Of the plurality of therapeutic response evaluation definitions currently available, none have been shown to be optimal for the evaluation of therapeutic responses during the management of GERD. It is thus considered preferable to report data obtained and analyzed using two or more therapeutic response evaluation definitions, rather than any single definition.

The limitations of this study were, firstly, the clinical responses in terms of the GERD symptoms can be evaluated using three definitions in the GERD-TEST; these definitions were formulated chiefly for the diagnosis and treatment of GERD. Concurrent FD symptoms, however, can only be evaluated using a residual symptom rate. The GERD-TEST should be modified to include the patient’s impression and NRS items for FD symptom, similar to the GERD symptom evaluations, to make this definition even more useful for the diagnosis and treatment of FD. Secondly, it is generally recognized that patients with GERD or FD present with diverse symptoms. Among patients with GERD, non-typical symptoms such as esophageal symptoms (e.g., chest pain) and extraesophageal symptoms (e.g., chronic cough, chronic laryngitis, asthma or dental erosion[1] are often seen. Symptoms such as bloating, belching or nausea develop among patients with FD. Clinical evaluation using the GERD-TEST is focused primarily on the cardinal symptoms of GERD and FD, and the evaluation does not cover patient burden from other symptoms or the impacts of such symptoms on daily life. Further investigation and clarification of these matters is also needed.
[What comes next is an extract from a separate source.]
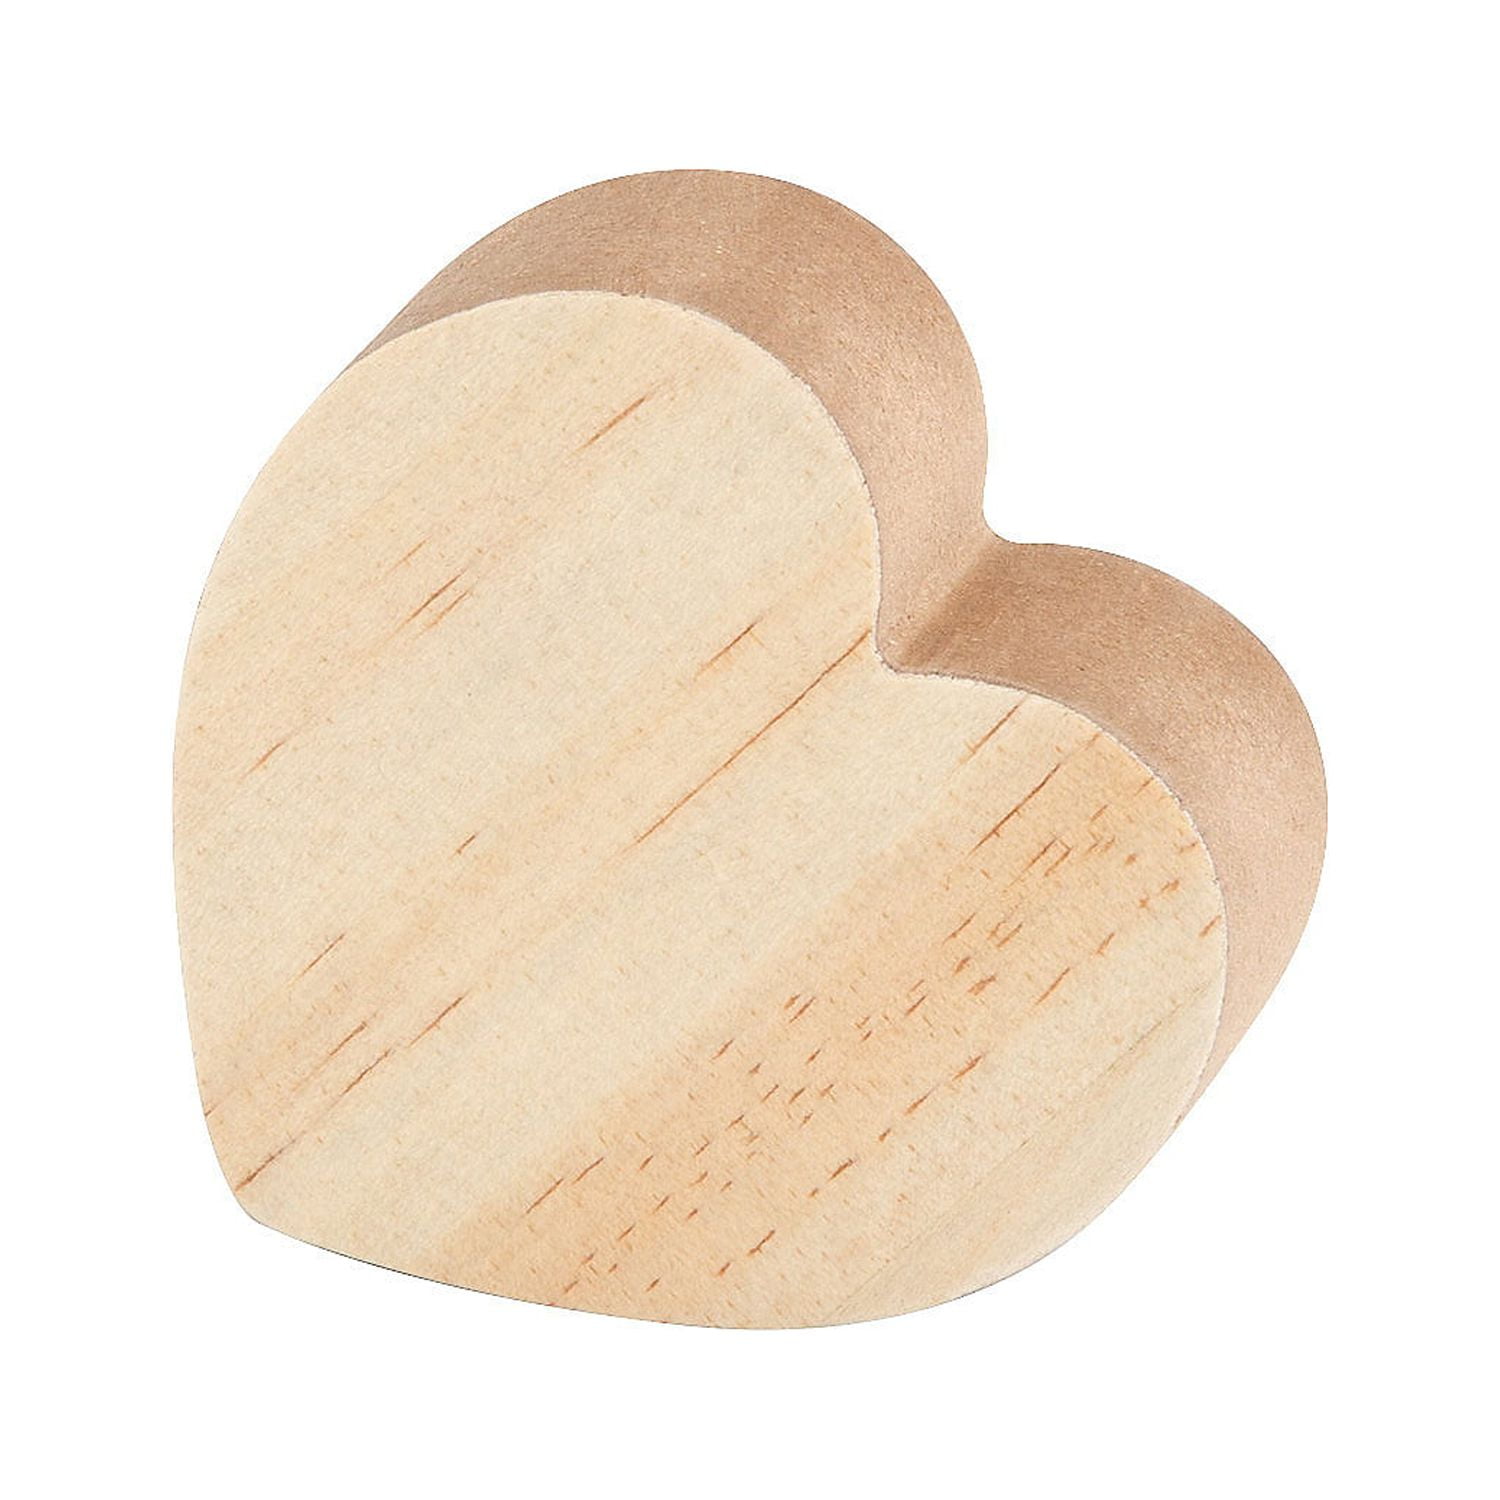 Unfinished Wood Hearts, Wood Valentine Hearts, DIY Tiered Tray Decor,  Unfinished Wood for Painting, Blank Wood Shapes, Gifts for Crafters 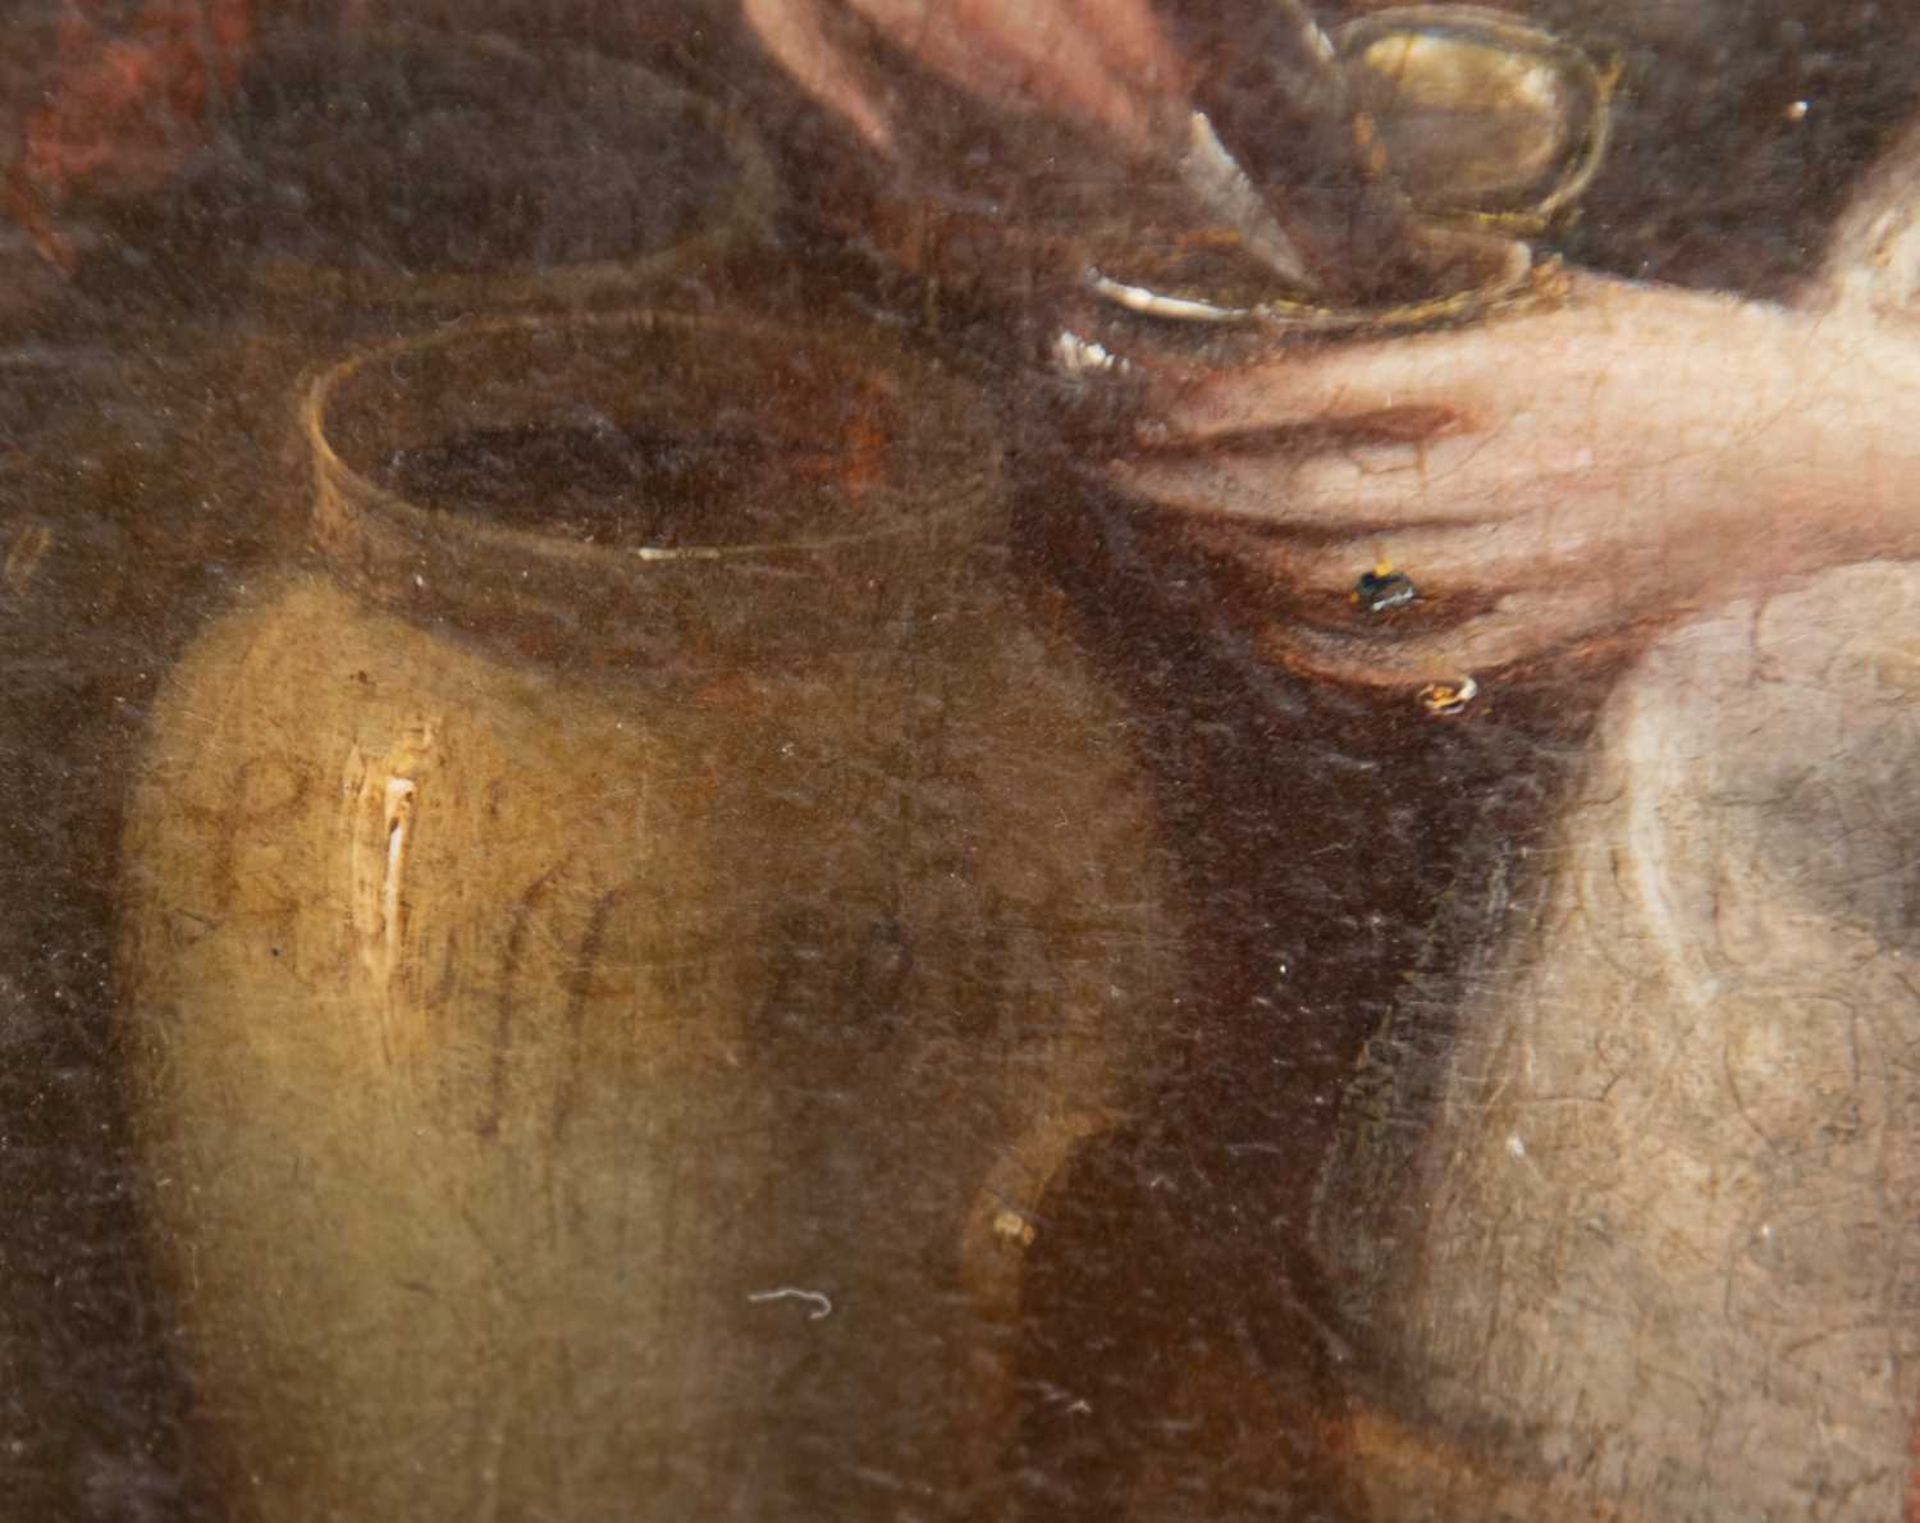 ENGLISH SCHOOL (19TH CENTURY) PORTRAIT OF A LADY MIXING MEDICINES - Image 3 of 4

In conclusion, the psychometric characteristics of the GERD-TEST were excellent, demonstrating good validity and reliability. The GERD-TEST is simple and easy to perform and is a multifaceted PRO instrument that appears to be useful for evaluating disease-specific health-related QOL in GERD patients in both clinical trial and primary care settings.

ACKNOWLEDGMENTS

This study was conducted by the GERD Society and registered to UMIN-CTR #000006614. Financial support for this clinical study was provided by GERD Society (Osaka, Japan). This study was completed by 29 institutions in Japan. The results of this study were presented at the Digestive Disease Week 2017, Chicago, United States. The authors thank all physicians who participated in this study and the patients whose cooperation made this study possible. The contributor of each institution is listed below.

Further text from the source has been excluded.